Key Takeaways
- IDC predicts 70% of software vendors will shift from seat-based to consumption or outcome-based pricing by 2028
- AI agents "don't care where data comes from" — breaking the traditional boundaries between CRM, ERP, and other enterprise software categories
- The average enterprise now runs 12 AI agents, with 89% of business teams already using agents
- New job titles emerging: Agent Supervisor, Agent QA Lead, AI Ops Manager, Chief AI Officer
- Traditional enterprise software will not disappear — but the pricing models that fund it are being fundamentally restructured
The Facts
The enterprise software industry is confronting a structural challenge that has been building for three years but is now forcing board-level decisions: AI agents do not pay software seat licences. A seat licence model assumes that a human employee is the unit of software consumption — you buy one seat per person using the system. When an AI agent performs the tasks previously done by a human employee, the seat licence model captures none of that value.
IDC's FutureScape: Worldwide Agentic AI 2026 Predictions report quantifies the expected response: by 2028, 70% of software vendors will have refactored their pricing strategies around consumption metrics, business outcomes, or organisational capability assessments rather than user seats. Forrester analyst Kate Leggett frames the transition carefully: "There's investor and company valuations and then there's the reality of what happens in large enterprises."
The more fundamental disruption may be structural rather than pricing-related. Salesforce's analysis notes that AI agents "don't care where data comes from" — they can read from a CRM, an ERP, a document management system, and a real-time data feed simultaneously and synthesise that information into action. This capability makes the traditional software category boundaries — the separation between CRM and ERP, between marketing automation and customer service — less relevant than it has been for four decades.
Technical Deep-Dive
The headless software model is the technical enabler of this transition. Traditional enterprise software was designed around human-facing interfaces — dashboards, forms, reports. The interface was the product; users learned to navigate it, and switching costs were partly learning costs. Headless architecture exposes all software functionality through APIs and CLI commands, enabling agents to access and act on data without the human interface layer.
Salesforce Headless 360, announced alongside Agentforce Operations, exemplifies this approach: the full CRM platform is accessible through API endpoints that agents can call from any surface — a Slack bot, a Claude conversation, an automated pipeline — without requiring agents to "navigate" the Salesforce interface as a human would.
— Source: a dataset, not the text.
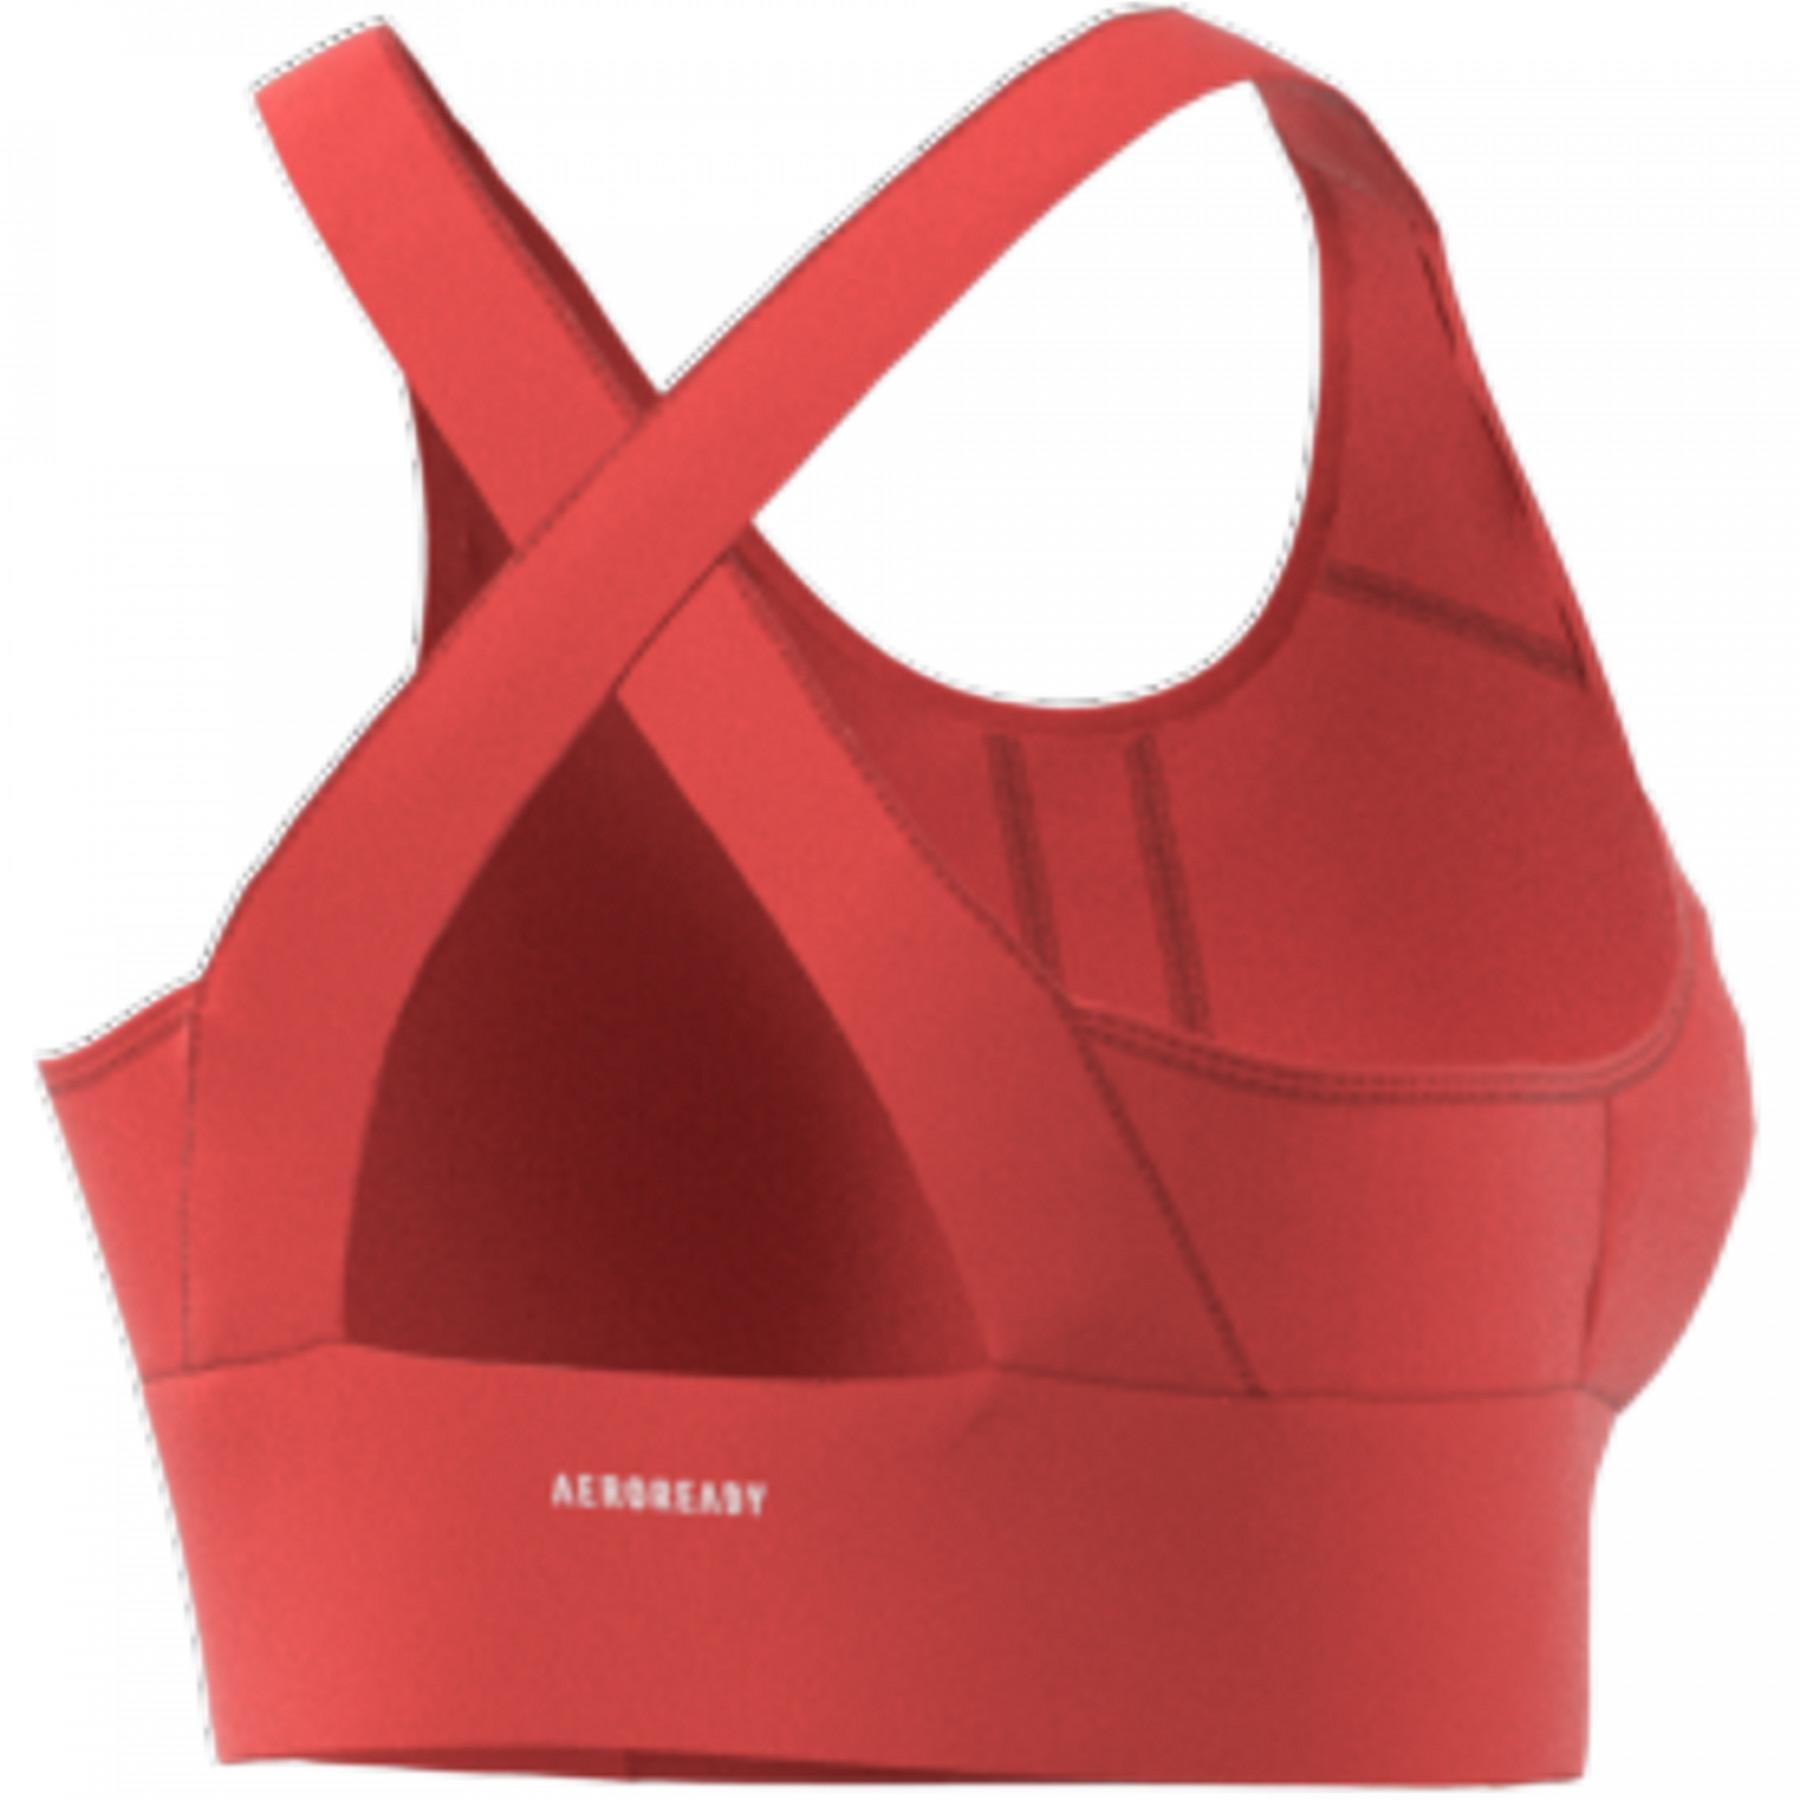 Women's lightweight support bra adidas Designed To Move Aeroready

Model Context Protocol (MCP) accelerates the headless transition by standardising how agents connect to any tool or data source. By late 2025, more than 10,000 public MCP servers had been deployed, meaning the majority of popular enterprise software tools had already created agent-accessible interfaces. The standardisation eliminates much of the bespoke integration work that previously made enterprise software connectivity expensive and slow.
The ASEAN Perspective
ASEAN enterprises are at an interesting position relative to this transition. The region has significant adoption of major global SaaS platforms — Salesforce, ServiceNow, SAP, Microsoft 365 — but also a large base of smaller, locally-developed software that lacks the engineering resources to rapidly build agentic capabilities.
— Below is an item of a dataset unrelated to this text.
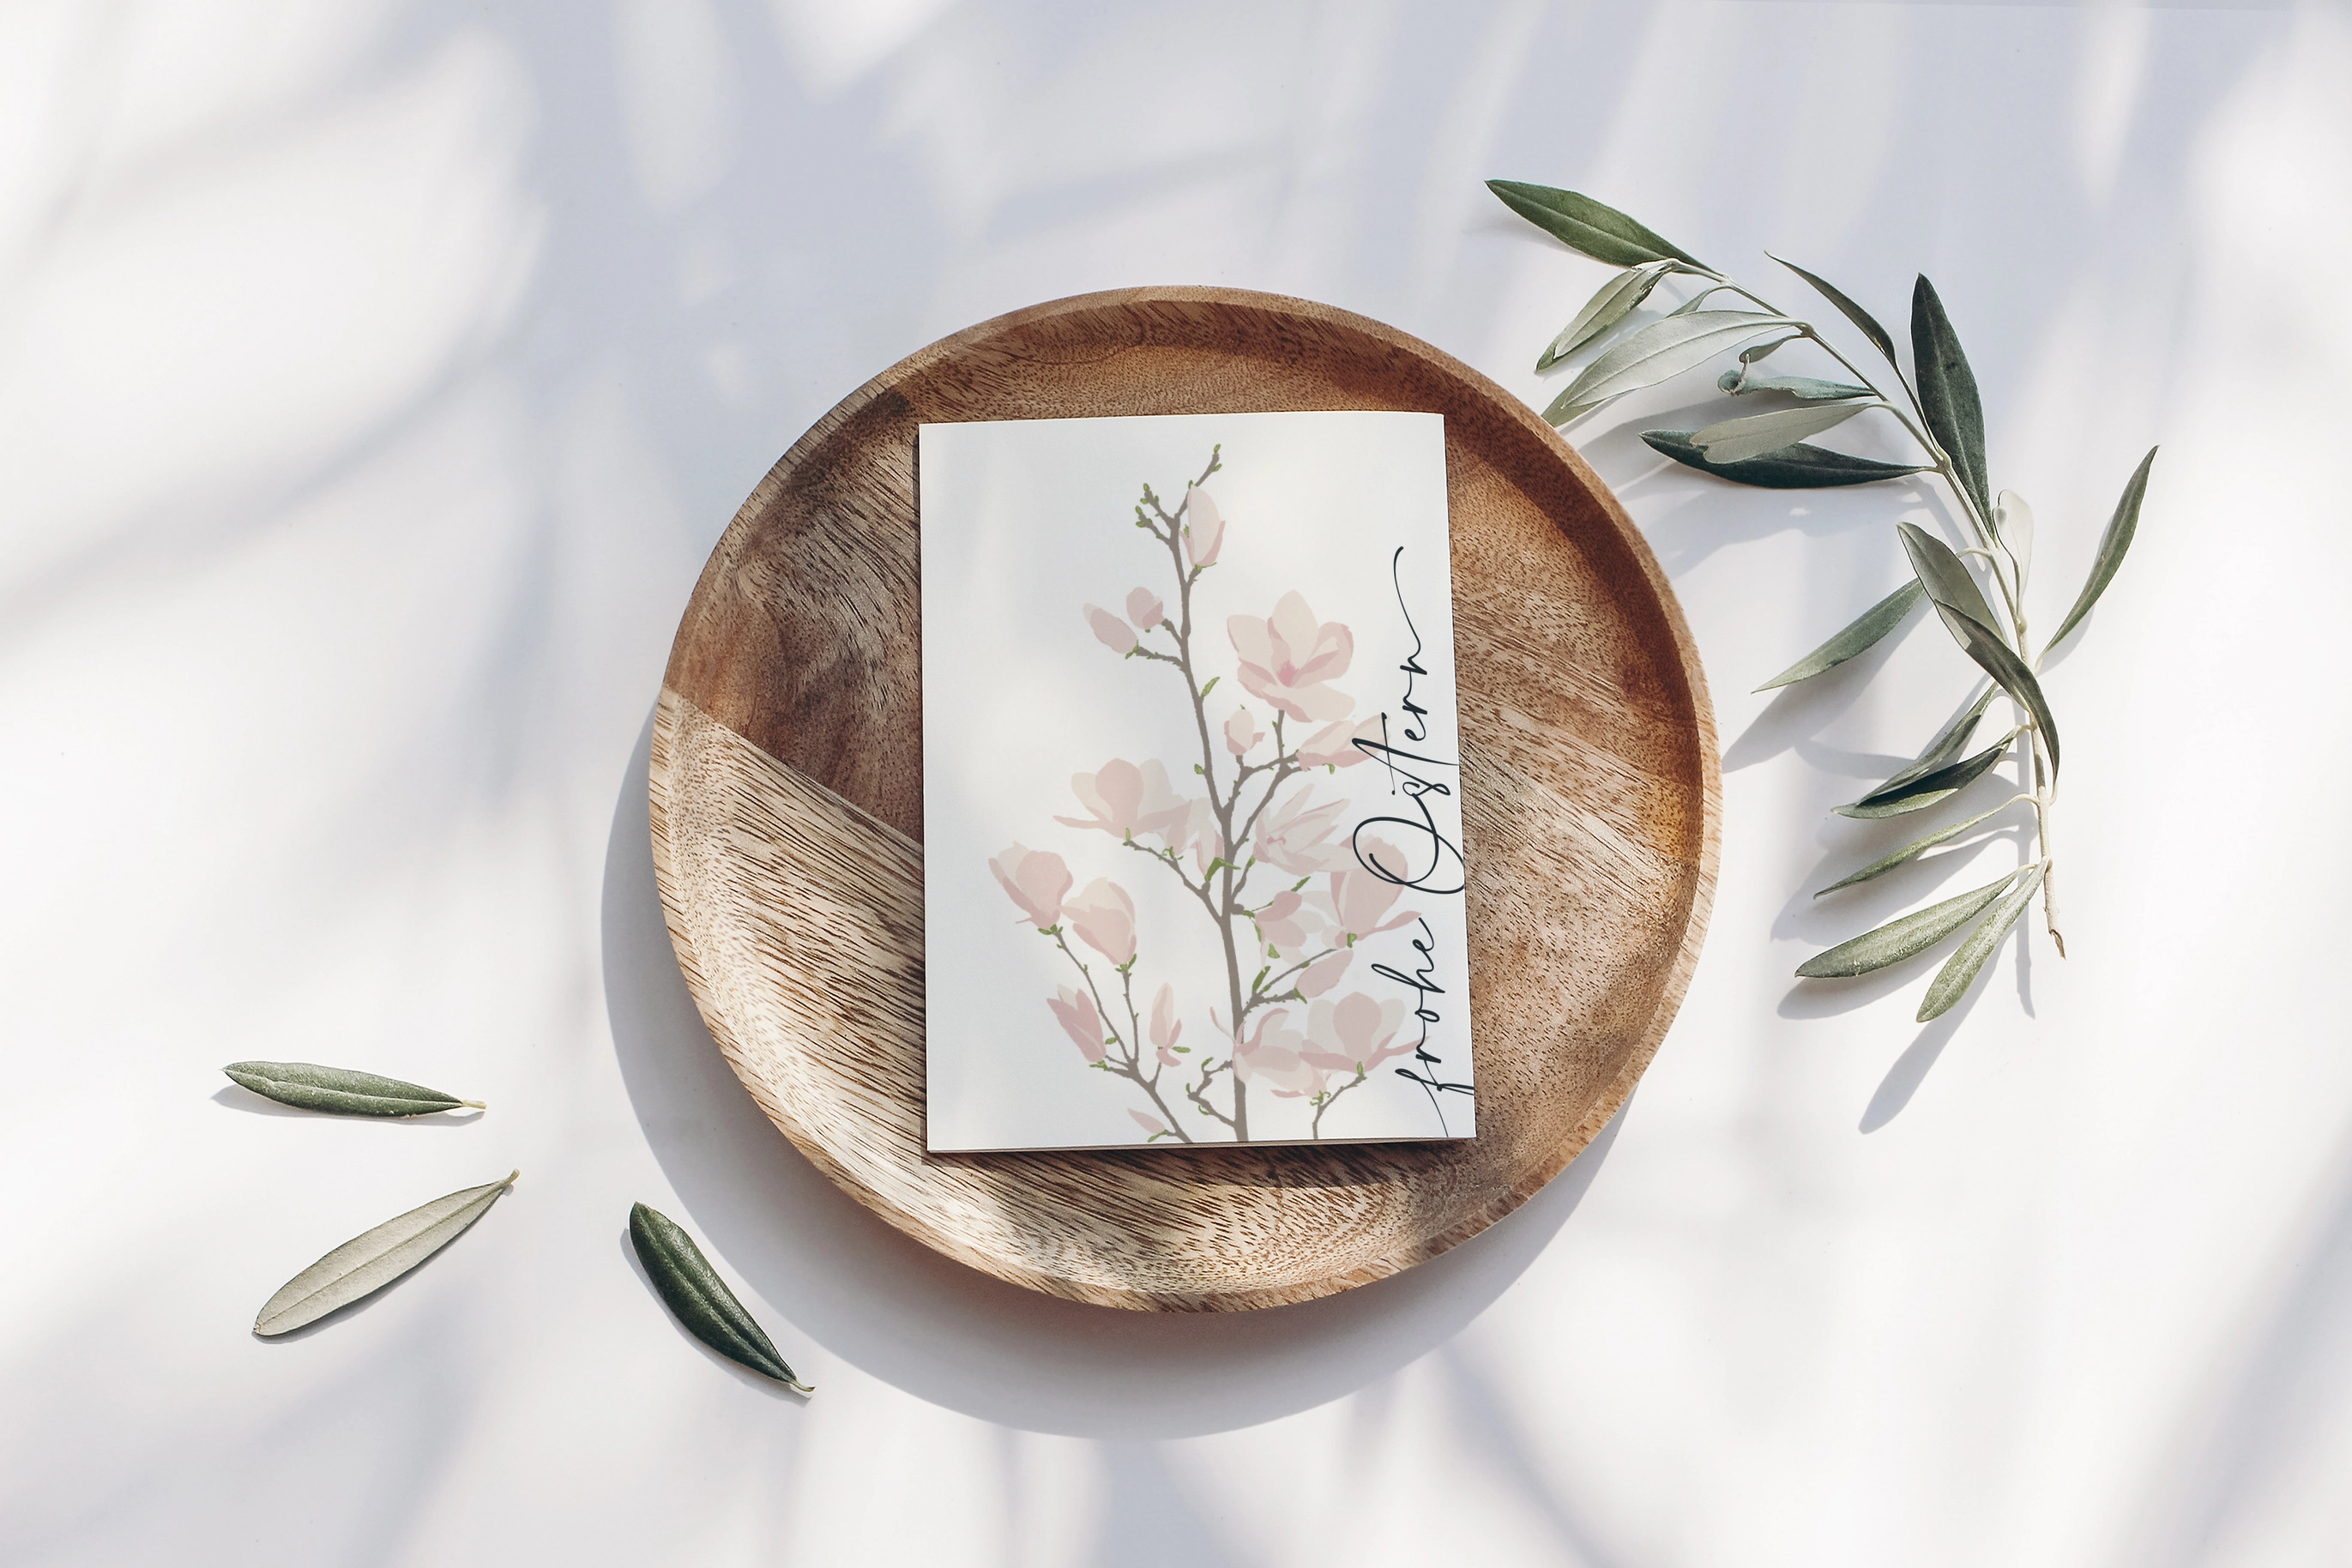 Postkarte Frohe Ostern Magnolien vom Wildblumen Atelier

For Singapore, Malaysia, and Indonesia's technology procurement teams, the pricing transition creates a near-term opportunity: as vendors shift to consumption-based models, the ability to negotiate pricing based on actual AI agent usage (rather than peak headcount) may reduce total software costs for enterprises that are aggressively automating routine processes with agents.
The emergence of ADLC roles — Agent Supervisor, Agent QA Lead — will create specific talent demand in ASEAN's technology labour markets. Singapore's SkillsFuture initiatives are well-positioned to develop training pathways for these roles, particularly given Singapore's existing strength in enterprise technology management.
RECATOOLS Verdict
The SaaS model is not dying — but it is being repriced. The transition from seat-based to consumption or outcome-based pricing is genuinely disruptive to software vendor revenue models, but the underlying value of enterprise software functionality does not disappear when agents start using it instead of humans.
For ASEAN enterprises, the practical implication for 2026 is contractual: when renewing enterprise software agreements, explicitly negotiate for consumption-based pricing options and avoid multi-year seat-count commitments that assume human headcount does not shrink as AI automation scales.
Frequently Asked Questions
SaaS seat licensing charges per human user. AI agents perform human tasks without consuming seats, meaning vendors capture no revenue from agent-driven usage under current models.
IDC predicts consumption-based pricing (per API call or task completed), outcome-based pricing (per business result achieved), and organisational capability assessments will replace seat models.
Software architecture that exposes all functionality through APIs rather than human-facing interfaces, enabling AI agents to access and act on data without navigating a traditional UI.
A standard that allows AI agents to connect to any compatible tool or data source through a consistent interface, reducing bespoke integration work.
According to Google's AI Agent Trends report, 89% of business teams are already using AI agents and the average organisation runs 12.